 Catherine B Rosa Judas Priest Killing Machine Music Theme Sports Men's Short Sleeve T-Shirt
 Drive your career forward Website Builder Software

--

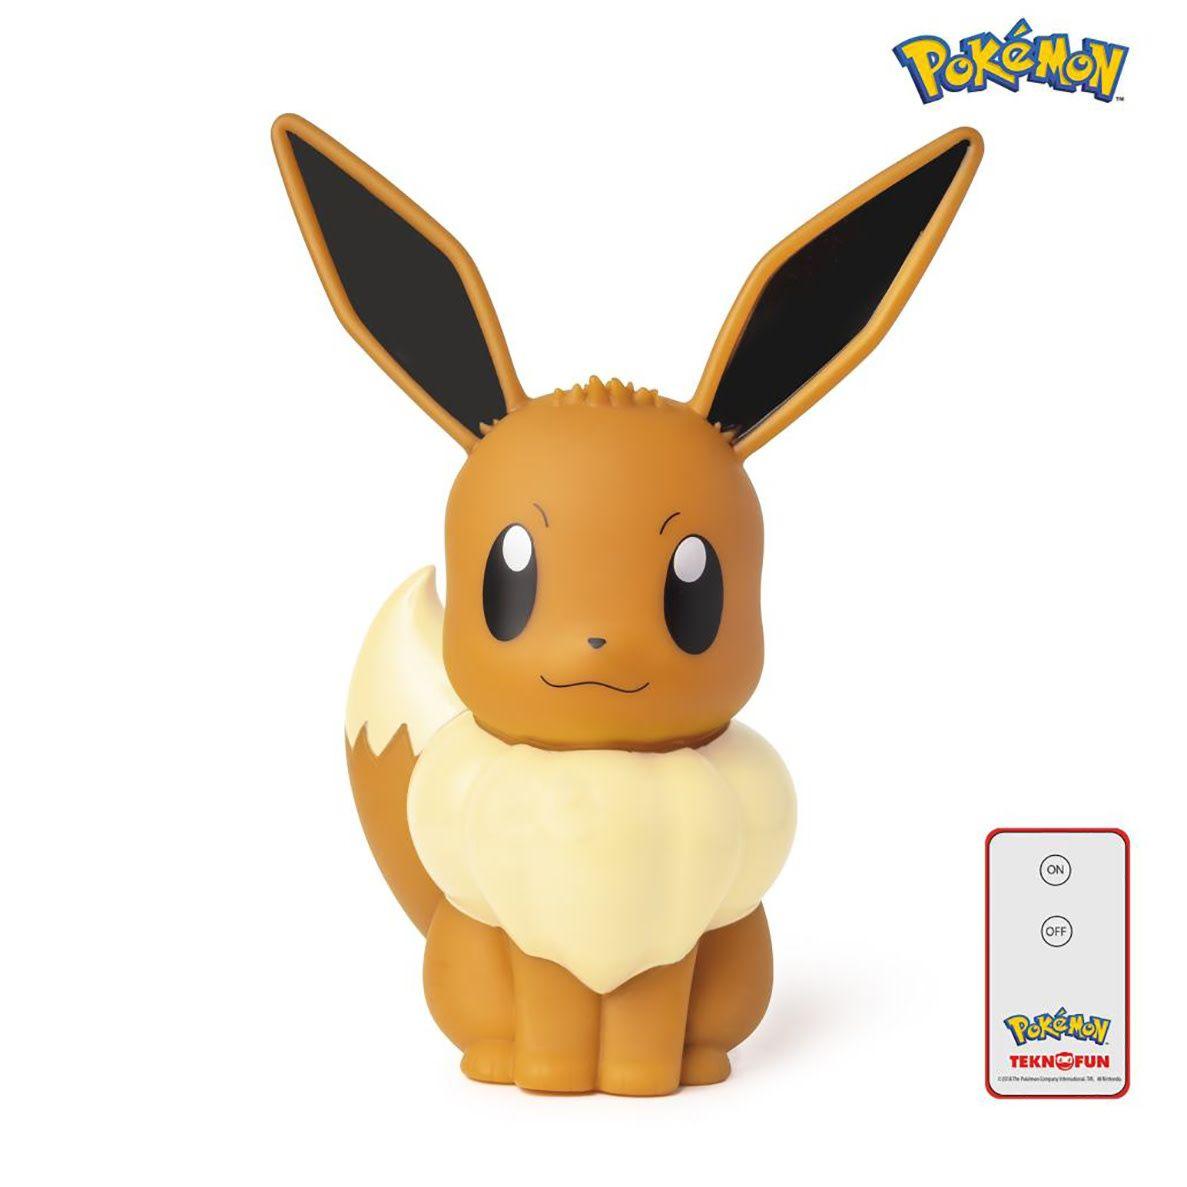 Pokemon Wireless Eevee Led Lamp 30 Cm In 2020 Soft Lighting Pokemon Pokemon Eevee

→ **WORK TASK**:
Lines to set down from above: the line with "Catherine B Rosa", the line with "Drive your career", and every line between, each exactly as written.

→ **RESPONSE TO THIS EXERCISE**:
 Catherine B Rosa Judas Priest Killing Machine Music Theme Sports Men's Short Sleeve T-Shirt
 Drive your career forward Website Builder Software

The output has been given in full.